Рахиль умерла, и отец остался безутешен. Он было пожелал забрать внука из приюта, но выторговал лишь право для меня шить и чинить платья для figlie di coro. Вот так я смогу время от времени навещать Сильвио и приглядывать, как он там. У друзей моего отца, в свою очередь, тоже нашлись друзья среди членов правления, которые и позволили нам определить Сильвио ко мне в ученики, как только он достаточно подрос. Тем не менее за ним сохранялись такие же права и преимущества, что и у любого жителя la Serenissima. Словом, мы устроили небольшой еврейский заговор.
– И ты все это время знал? – обернулась я к Сильвио.
– Я знал только, что за стенами приюта есть добрая душа, которая почему-то заботится обо мне, приносит мне иногда сласти и не забывает похвалить. Я считал, что мне жутко повезло.
Ревекка склонилась к нему и поцеловала в щеку.
– Значит, тогда, на острове, ты уже знал!
– Нет, еще не знал. Вся история вышла на свет, когда я начал выпытывать у Ревекки – и надо сказать, не без опаски, – не знает ли она что-нибудь о твоем медальоне. Как ты сама убедилась, она знает о нем все.

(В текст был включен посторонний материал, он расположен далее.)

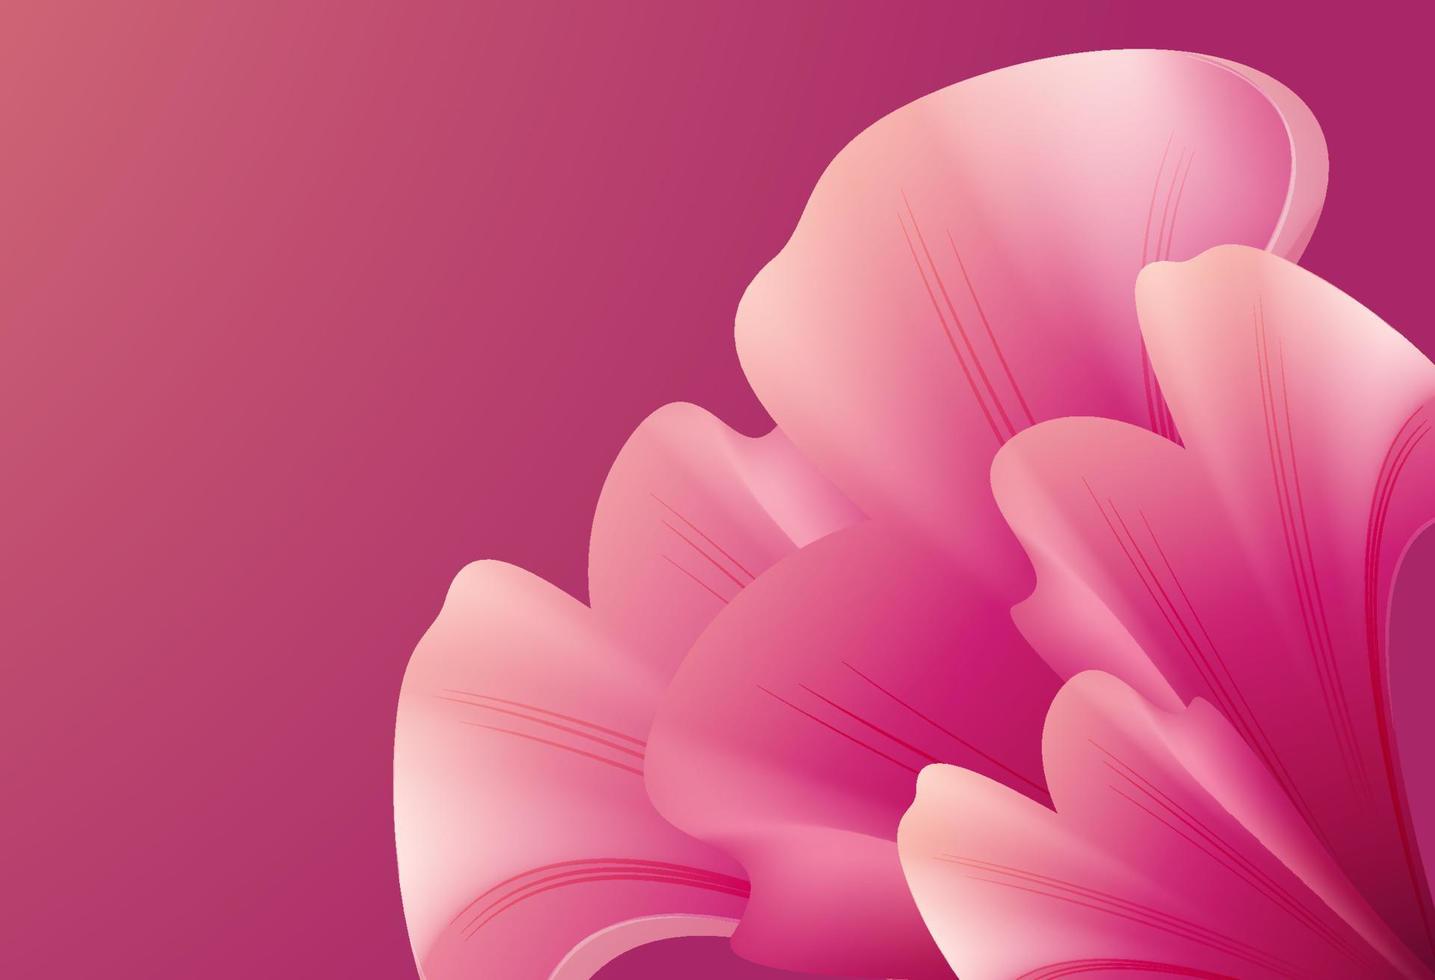 roze bloemvormen op een roze achtergrond. 3D-trendy moderne achtergrond. roze bloem abstracte vorm vector

– Нет, с тех пор как медальон ушел из рук дона Спады, я о нем больше не слышала. Я всегда считала, что учитель моей сестры любил ее столь же горячо, как она, на свою беду, любила его. Мне больно думать, что он проиграл или продал единственную памятную вещь, что оставалась у него от Рахили, – не считая, конечно, сына, которого он не мог признать, иначе лишился бы и доброго имени, и средств к существованию. Священникам тоже приходится добывать себе хлеб насущный, а такой человек, как Бонавентура Спада, возможно, нуждался в наличных деньгах даже больше, чем его собратья. А за этот медальон наверняка давали хорошую цену.
Ревекка взглянула на меня и добавила:
– Сильвио рассказал мне, как он попал к тебе и через кого. Но почему – тут я теряюсь в догадках.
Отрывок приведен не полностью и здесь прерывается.